The Book Review is a separate publication, an outlier at the Times designed to allow non-staff writers and critics to exchange ideas. Novelists review novelists, critics review critics, and free-lance journalists step outside their comfort zones. In a sense, it's a public forum, and it's designed to be ambitious, controversial and somewhat ethereal, as befits high literary style.
When reading these book reviews, though, you have to consider the fact that writers are evaluating their peers. It's sort of like the tribal council in "Survivor". Curtis Sittenfeld, the up-and-coming lit-darling author of "Prep" reviews "The Wonder Spot" by up-and-coming lit-darling Melissa Bank. In this kind of situation, the reviewer may choose to play nice, or may decide to open fire. Sittenfeld opens fire at Bank's book, damning it as worth a few laughs and then dismissing it as chick lit, shallow and limited.
It's at least a lively chop job, though I imagine Melissa Bank wouldn't mind getting a few swipes back at Sittenfeld's next book (and the Book Review may just arrange that).

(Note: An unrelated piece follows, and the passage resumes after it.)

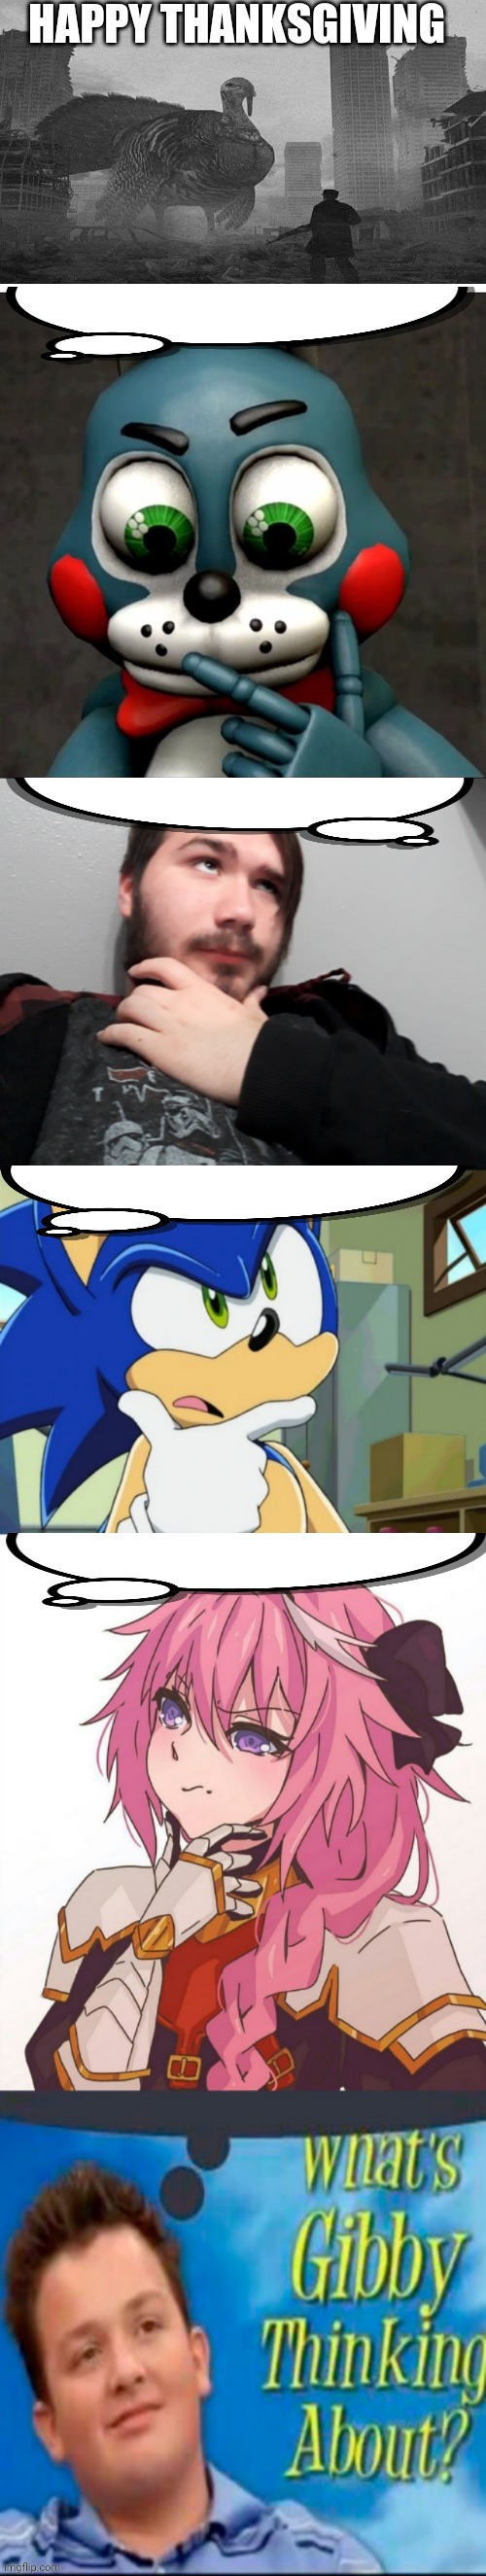 HAPPY THANKSGIVING | image tagged in memes,sonic the hedgehog,anime,fur,fnaf,thanksgiving | made w/ Imgflip meme maker

In my opinion, the Book Review is at its best when a reviewer is actually excited by a book. Which rarely happens in these pages. Today's best article is Liesl Schillinger's summary of three summer novels, "Childhood at Oriol" by Michael Burn, "Leeway Cottage" by Beth Gutcheon and "The Lake, The River and the Other Lake" by Steve Amick. Schillinger's writing is passionate and enchanted, and she seems to have thoroughly absorbed the purposes of each of the three books she is writing about. She makes me want to read all three, and I think that's the best thing a book review can do.
The rest of the magazine, which has a vague Summer Reading theme, is okay. "The Word Crunchers", a back-cover essay by Deborah Friedell about the objectification of language that takes place at sites like Google.com, is a welcome read. I'm glad to see the Book Review occasionally noticing this thing called the internet, this thing Al Gore invented a few years ago that the rest of the world seems to be using a lot.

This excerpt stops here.